Jan 8 2016 at 12:25am
@Rajat: “Targeting” (of levels, or anything else) is a tool of expectation management. But expectations have to be about something. In monetary policy, what they are, is about the path of the money supply. I.e., the concrete steps you’re looking for, are OMOs/QE. It wouldn’t make sense to try to propose level targeting, without also proposing regular Open Market Operations to adjust the money supply in order to meet those targets.
Once you know the “Chuck Norris concrete threat, then it turns out you rarely need to carry it out.
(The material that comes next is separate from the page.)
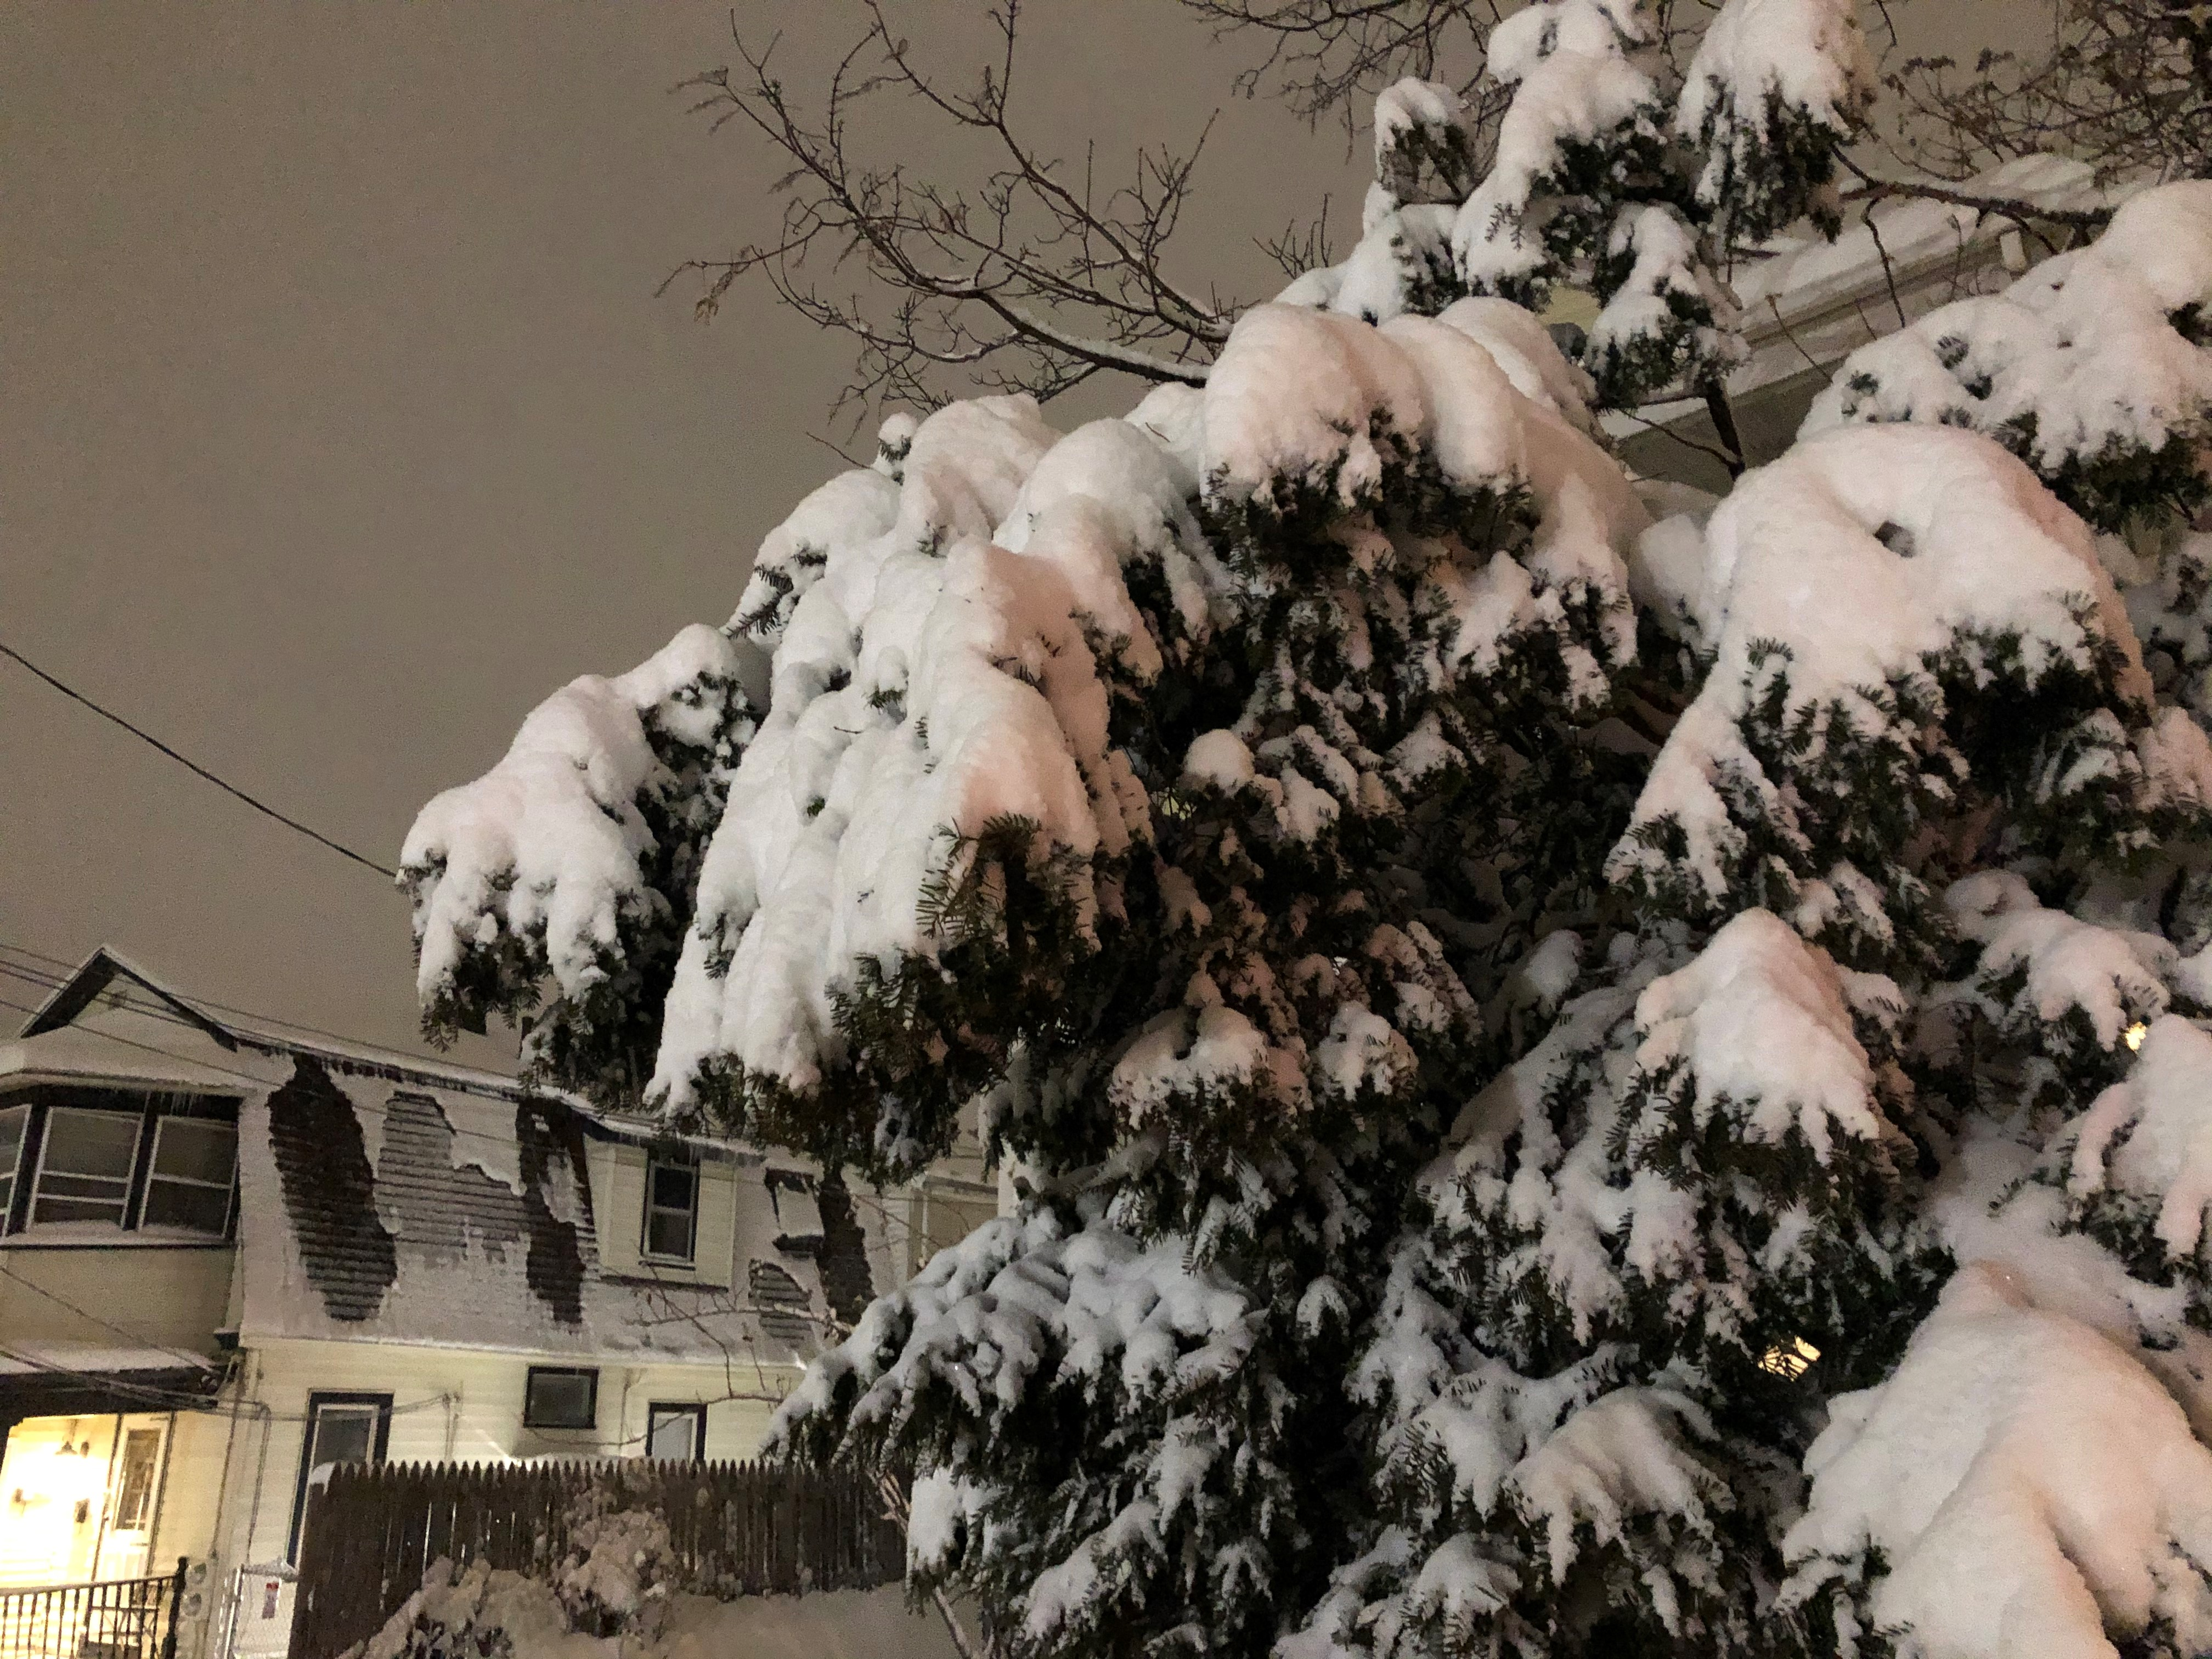 Heavy Burst of Snow Buries Parts of Connecticut
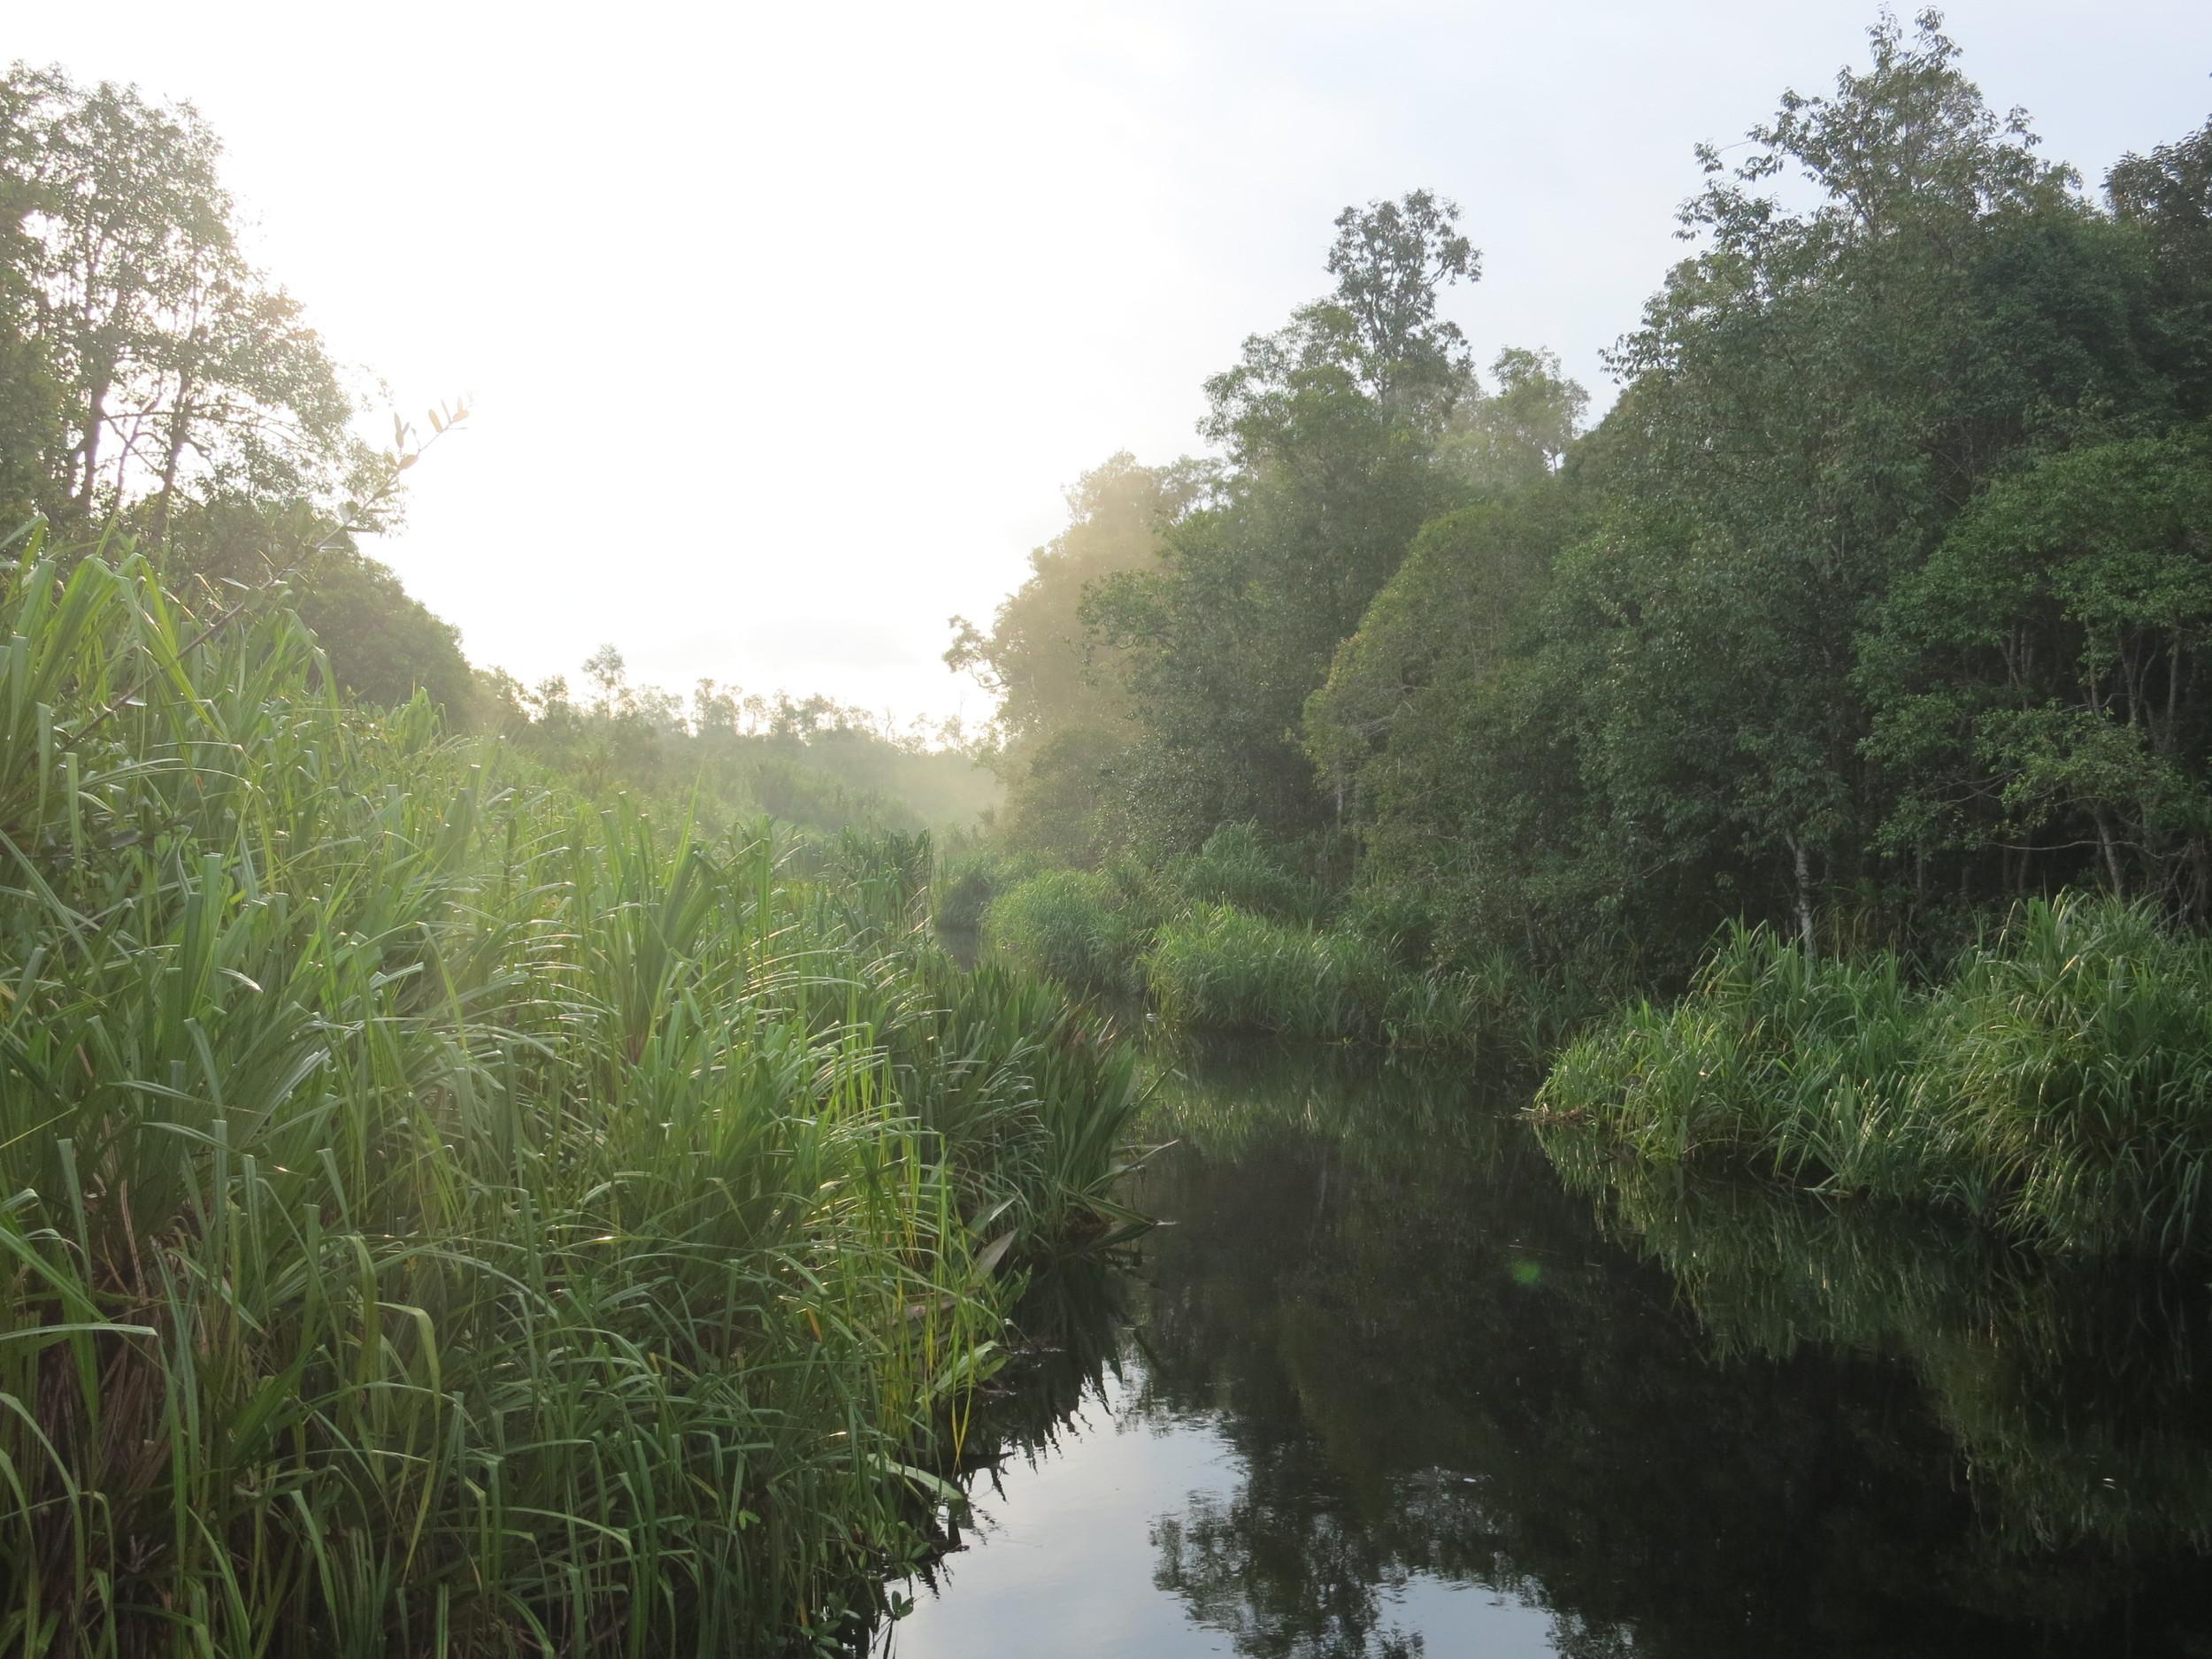 Sunrise on the black river

The central bank merely announcing a level target, will cause velocity to change sufficiently in anticipation, that most of the work of getting to the NGDP target will happen without major money supply changes.
But you do always need the initial credible threat of money supply changes, in order to allow expectations to do the work.
Jan 8 2016 at 3:51am
Thanks Don, that makes sense to me. I guess one could say the same thing about a higher inflation target – both level targeting and a higher inflation target need to be accompanied by the ability to change the money base (through OMOs/QE) to work. Whereas I presume that, say, negative interest on reserves would not require that?